• Question: how many galaxys are their

    Asked by beastlyboy197 to Alexander, Aron, Jess, Neil on 19 Mar 2014.
    • Photo: Aron Kisdi

      Aron Kisdi answered on 19 Mar 2014:


      We do no know.
      We can only observe a part of the universe. Also the way we observe the universe at the moment means we are observing waves travelling the speed of light. So when we look at distant objects the “light” we see took many years (or many 1000s or millions of years) to get to us so that object might not exist anymore.
      We are only making models and predictions to shape physics and our understanding of the universe based on things we can observe. That is why we need new space missions to observe more of the universe and understand it better.

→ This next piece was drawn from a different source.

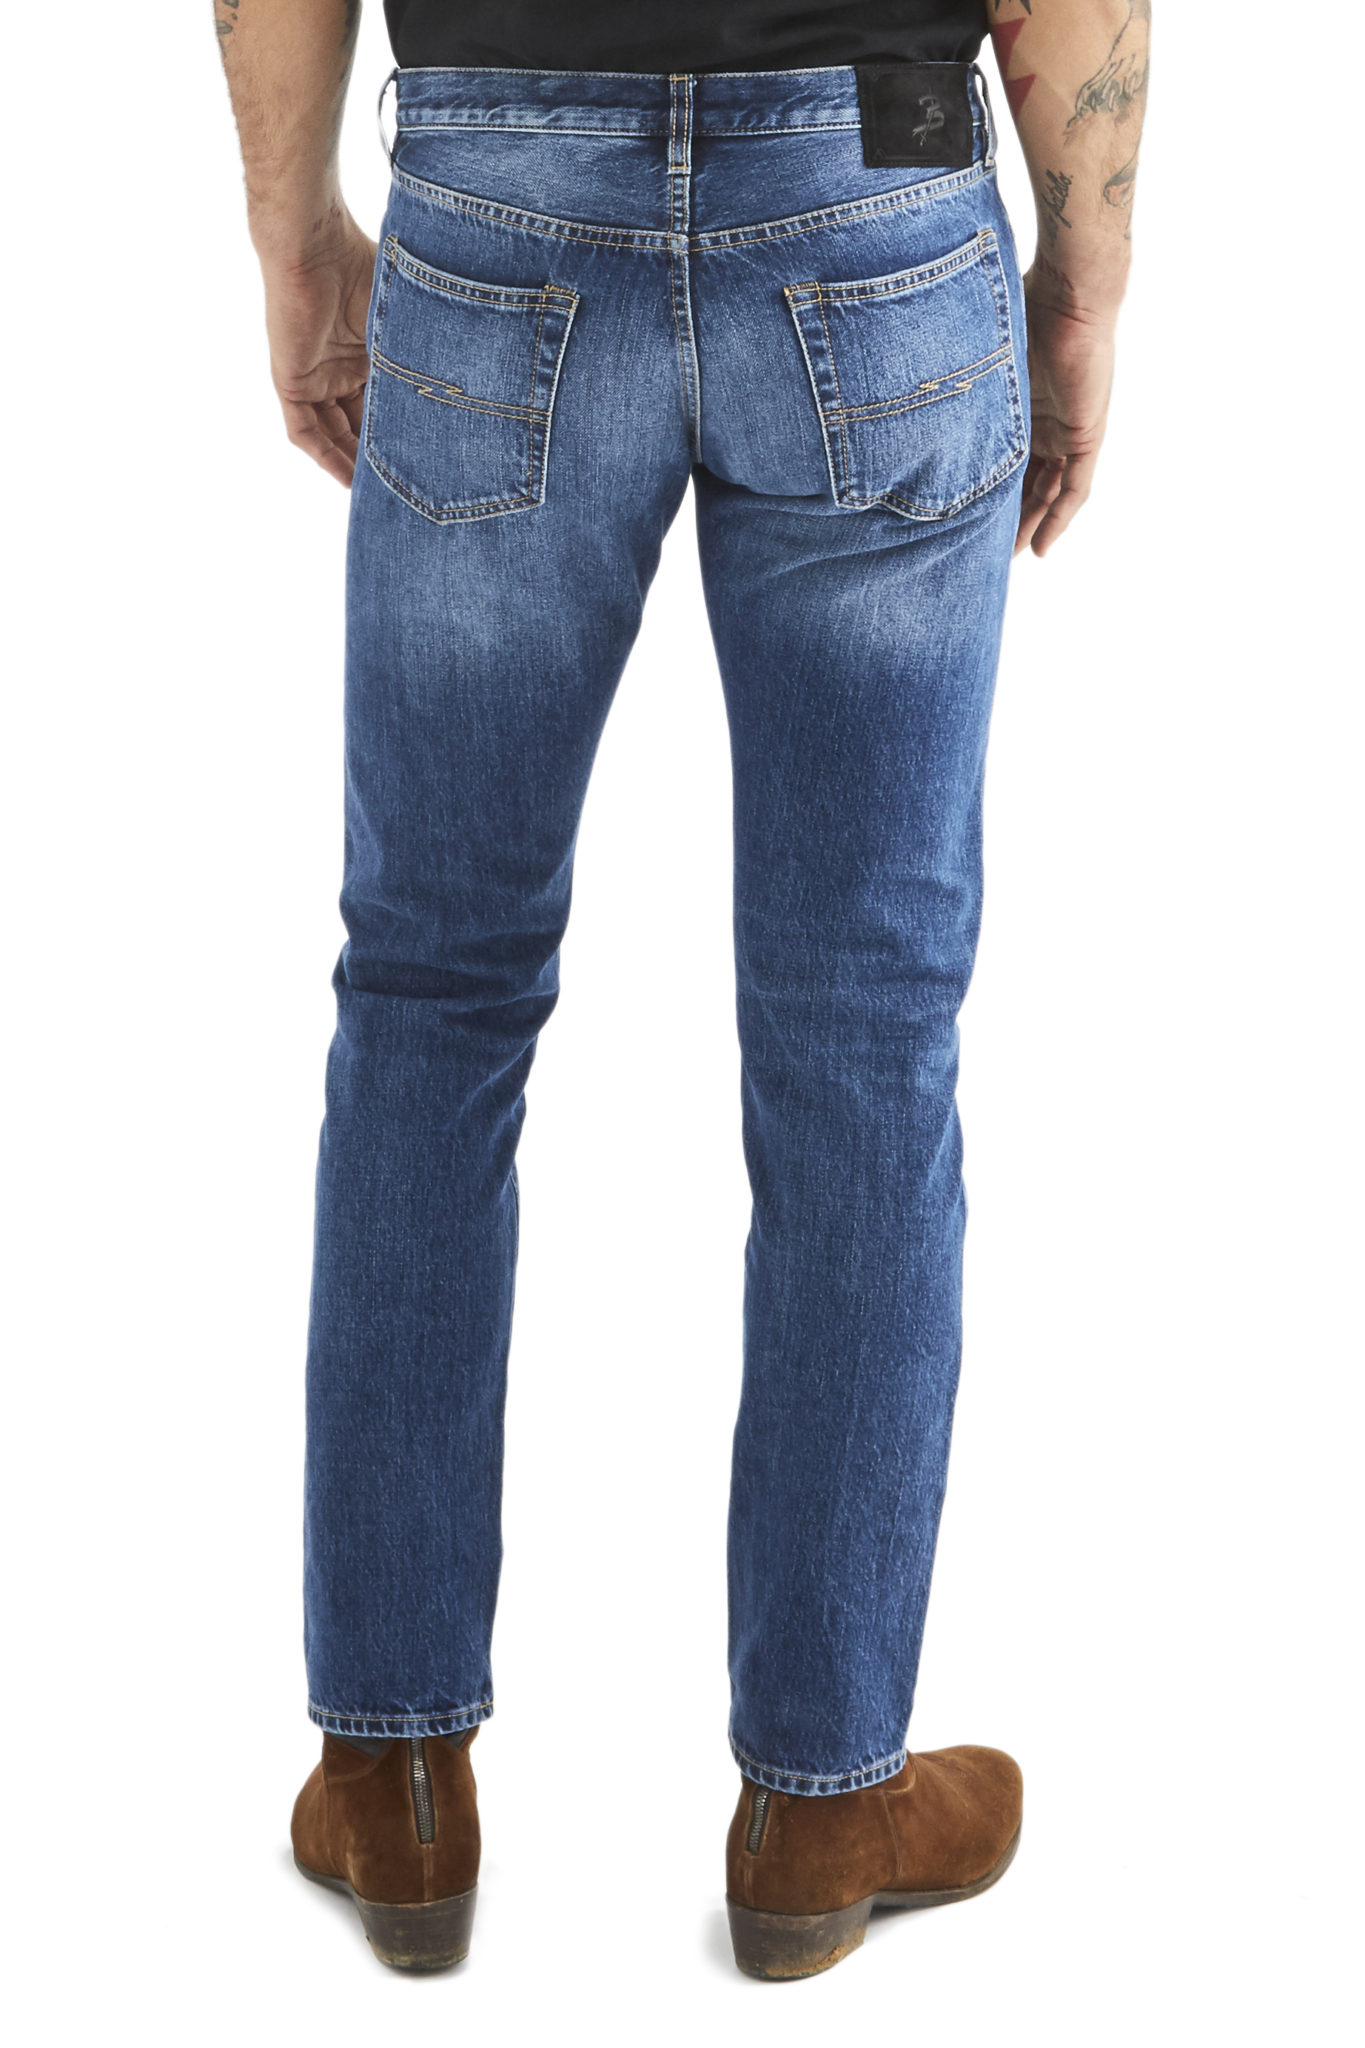 Bandito Blue Light Wash Slim Fit Selvedge Jeans - Barbanera
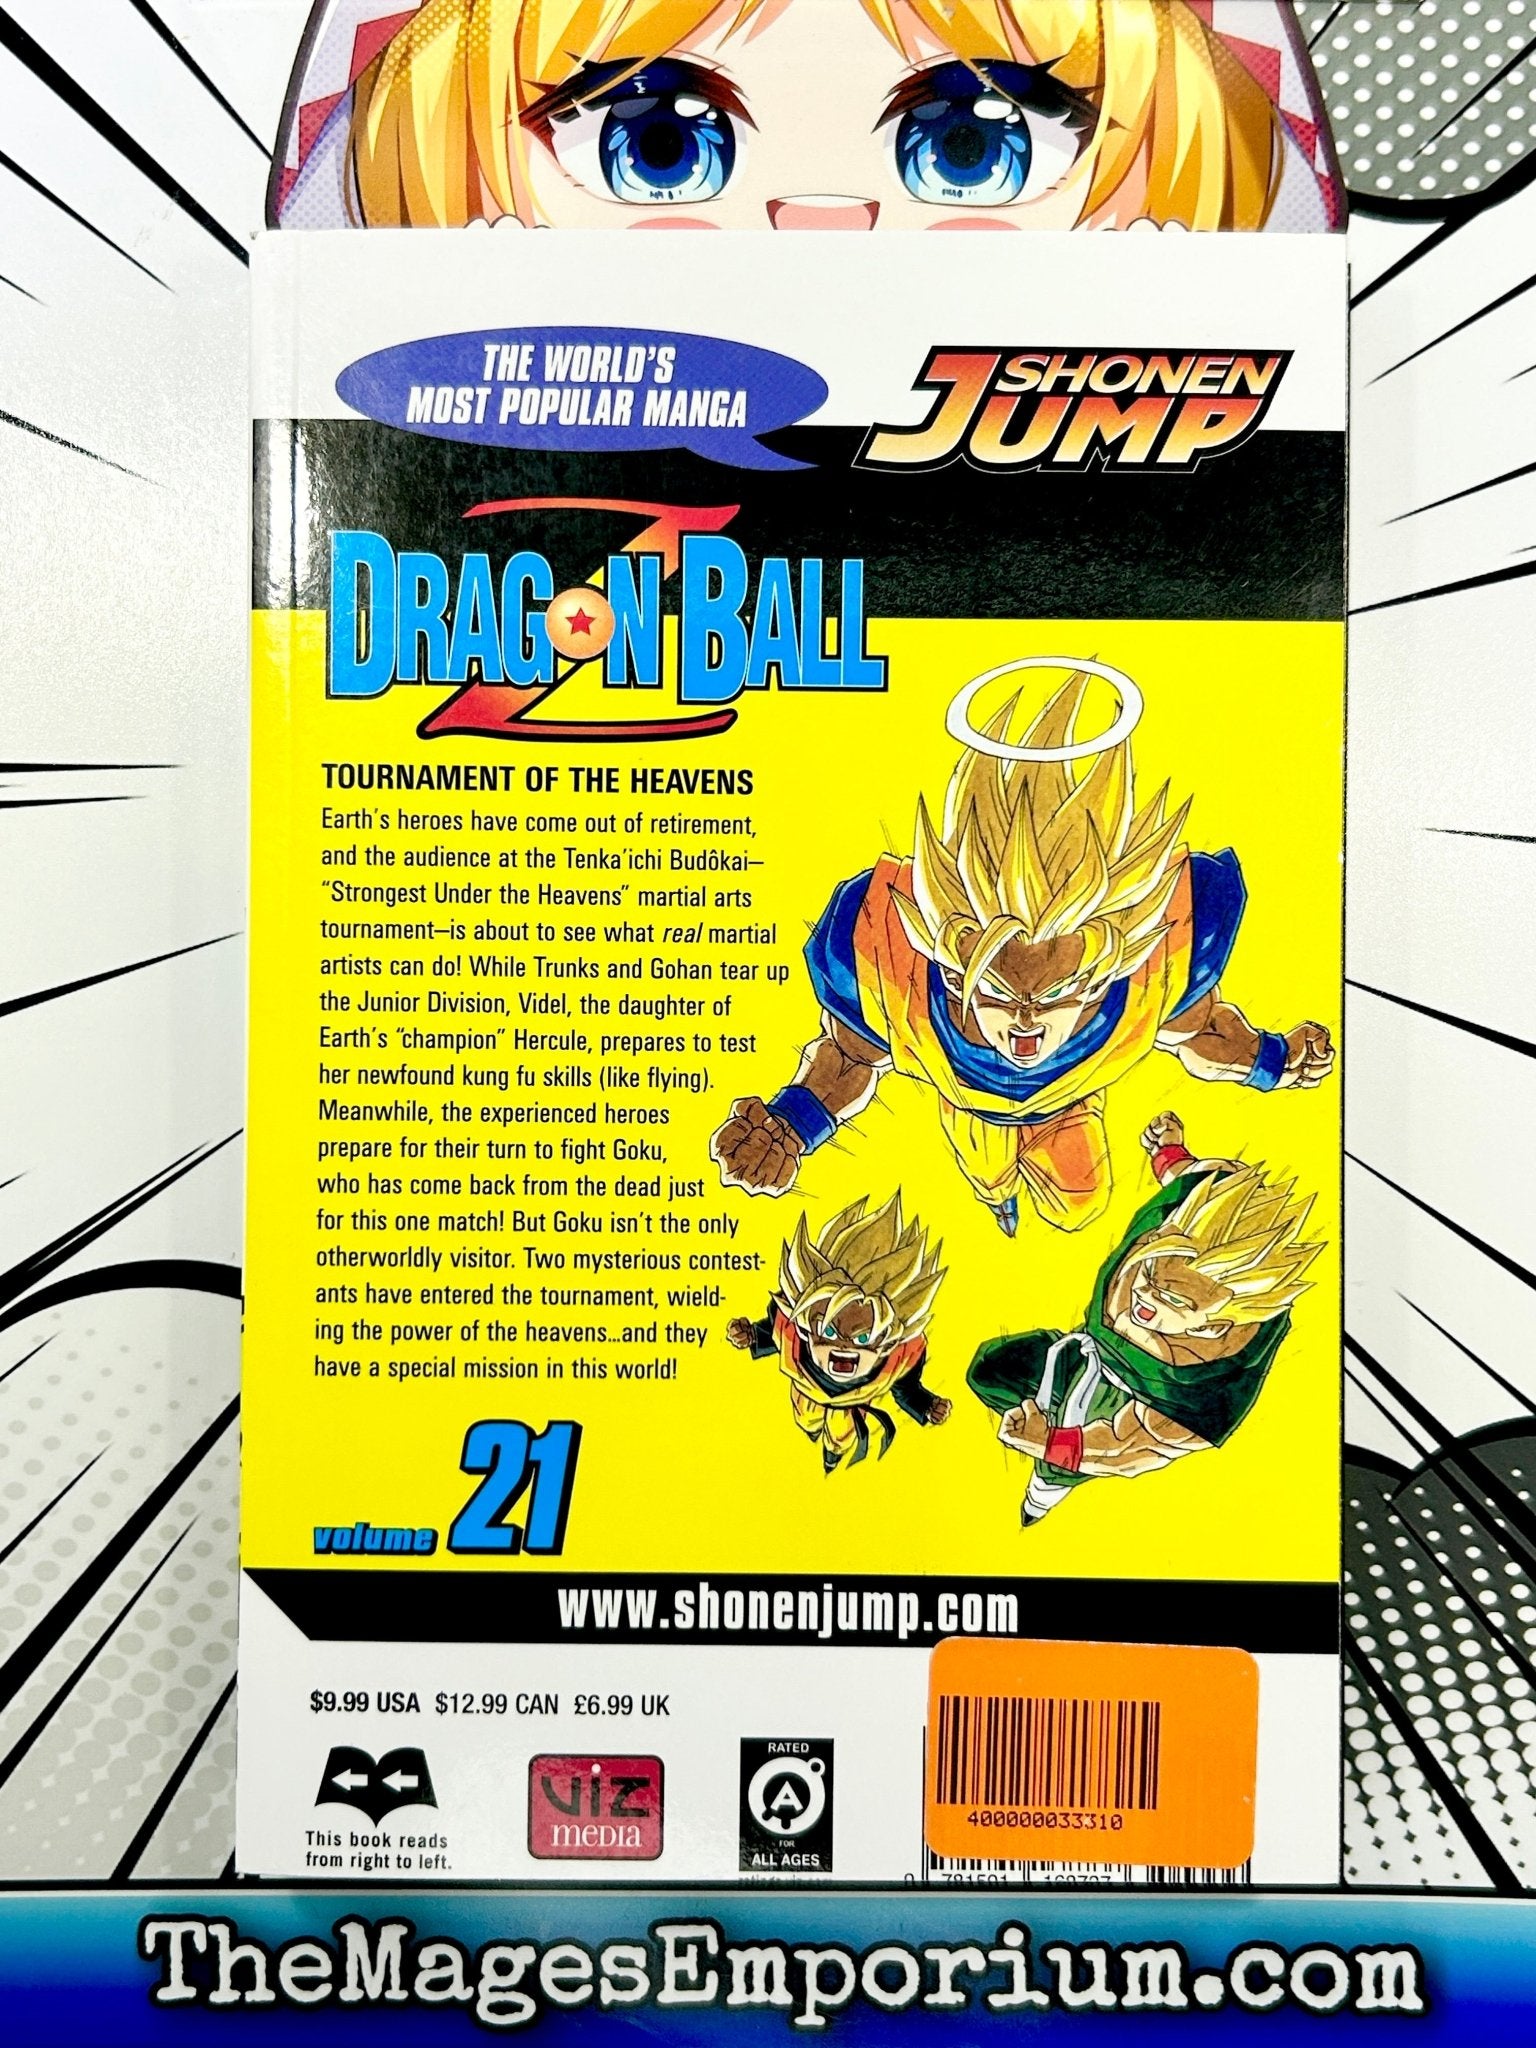 Dragon Ball Super Vol. 21, manga dragon ball super

      To put things in scale: http://scaleofuniverse.com/

    • Photo: Alexander Finch

      Alexander Finch answered on 19 Mar 2014:


      How many galaxies? Lots… and lots and lots and lots. In fact, we don’t know how many there are because we can’t count or see them all! We guess that there are maybe 500 billion galaxies that we should be able to see. That’s a lot – almost enough for 100 galaxies per person on the Earth! And you have to remember that each galaxy is already huge, with billions of stars in – so the number of stars is incredibly big. The Universe is a big place…

    • Photo: Neil Bowles

      Neil Bowles answered on 19 Mar 2014:


      Billions of ’em. I had a chat with a colleague how worked on the Herschel Space telescope that could measure the faint heat traces from distant galaxies and their comment was that the sky was ‘carpeted’ with faint galaxies.